In Computer Mode, you get a Windows-like interface with floating and scalable windows, designed for keyboard and mouse control.
If you don’t want to do that, you can multitask in split-screen mode instead, with an interface and handling that’s a little smoother than Google’s own. This allows you to bring up a maximum of three apps on the screen. Two on the split screen and a floating vertical window in front.
The Freestyle feature allows you to pair the tablet with a computer, and then easily share files between them, or use the tablet as an external display for the computer. You need an application on the computer and a shared login, and it all happens automatically.
I’m not entirely thrilled, which is mainly to do with the connection. Here I only get Wi-Fi 5, and also Wi-Fi 5 without very good reception. So I have to be in the right room for the image update to be acceptable.
A third feature called App Streaming allows you to launch certain apps that run on the tablet but appear in a window on the computer. “It works very poorly. I should be able to see and launch shareable apps in the Freestyle programme on my computer, but they don’t show up there. I can launch them from the tablet, and stream them to the computer, but with even more lag than desktop sharing.
Other features of the system are the kid-friendly Kids Space with safe and user-friendly profiles for kids, and the media centre screen which is one swipe to the left of the home screen. There you can connect your streaming services like HBO and Disney Plus and get a common interface for them but not all major services are supported.
Battery Life & Charging
The battery is 7,040mAh, and with that you should be able to get up to 10 hours of video playback according to Lenovo. I can’t quite manage that, but seven and a half hours is certainly not bad for a video stream at high brightness. For other mixed work, it lasts a little longer.

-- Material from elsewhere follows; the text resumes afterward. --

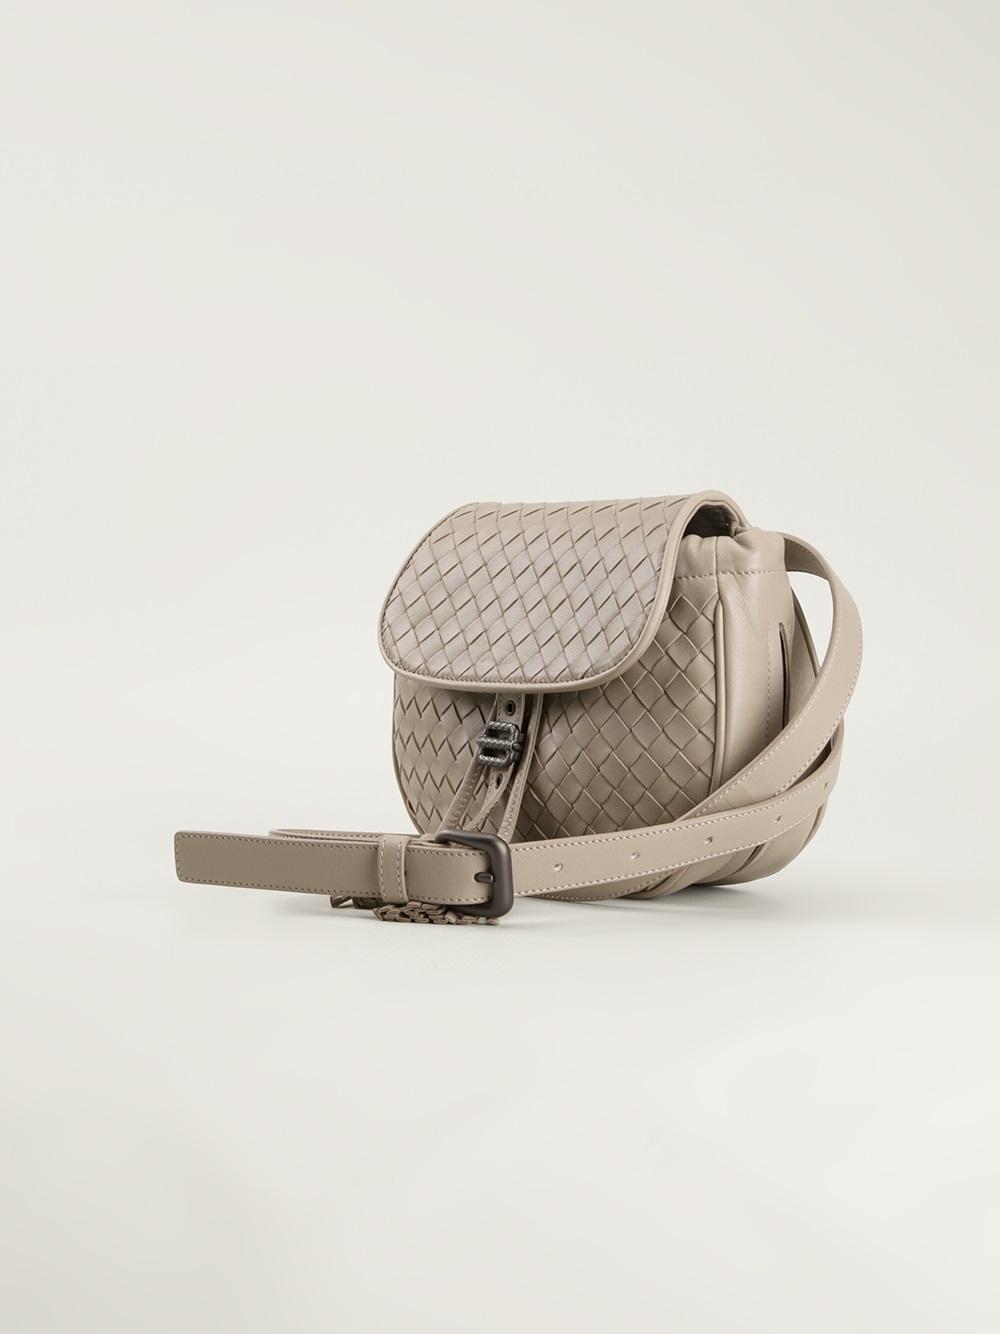 8a2d96c4fbef Bottega Veneta Intrecciato Saddle Bag in Gray - Lyst

Unfortunately, battery charging is disappointingly slow. Even though I get a 20W USB PDA charger, the tablet only accepts 15W of power. After half an hour, I’m at 26% and it takes over three hours to fully charge the battery. Make sure you’re never far from a wall socket.
Price & Availability
You can get the Lenovo Tab M11 from just £199.99 (US availability is TBC at the time of writing) and this price will get you the tablet itself and the Lenovo Pen.

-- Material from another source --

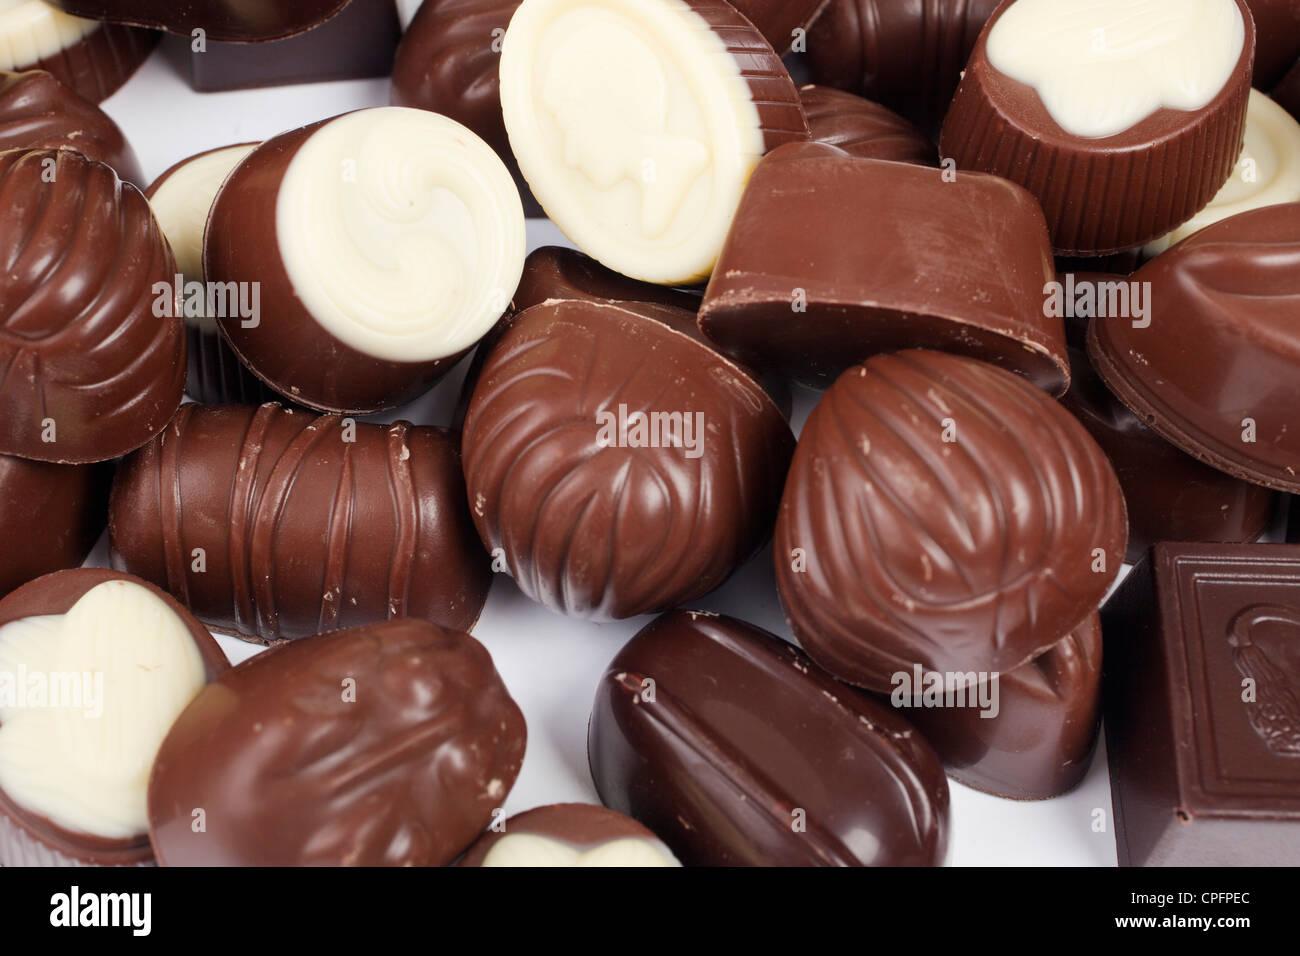 Chocolate bonbons - Stock Image

Other bundles are available from the Lenovo store with different combinations of the folio case and charger included. The lot is yours for £269.97 RRP.
You can also buy it from Amazon with the tablet and pen or bundled folio case for just £209. It’s also available from Argos, Currys, Very and John Lewis.
Check out our chart of the best budget tablets for more options.
Should you buy the Lenovo Tab M11?
For only £199 for the cheapest option, the Lenovo Tab M11 is a positive experience in many ways.
It’s genuinely well-built and feels more luxurious to hold than the price tag indicates, and it has a great set of solutions for both family and productivity.
However, weak performance and some mediocre hardware hold the Tab M11 back, and it fails to fulfil all of its own lofty ambitions.
This review originally appeared on M3.
Specs
- Processor: Mediatek Helio G88
- CPU: 2x Cortex-A75 2GHz, 6x Cortex-A555 1.8GHz
- Graphics: ARM Mali-G52 MC2
- Memory: 4GB
- Storage: 128GB, microSD slot
- Display: 11-inch IPS, 1920 x 1200 pixels, 90 Hz
- Cameras: 8Mp rear, 8Mp front
- Connections: USB-C 2.0, 3.5mm headset
- Communications: WiFi 5, Bluetooth 5.1
- Operating system: Android 13, 2 years updates
- Other: Lenovo Tab Pen, splash resistant (IP52)
- Battery: 7,040mAh, 7 hours 40 min video streaming (wifi, high brightness, 60 Hz), 8 hours 30 min mixed use (wifi, Pcmark Work 3.0 200 cd/m2, 90 Hz)
- Battery charging: 15W USB charging (USB PD). 14% in 15 min, 26% in 30 min.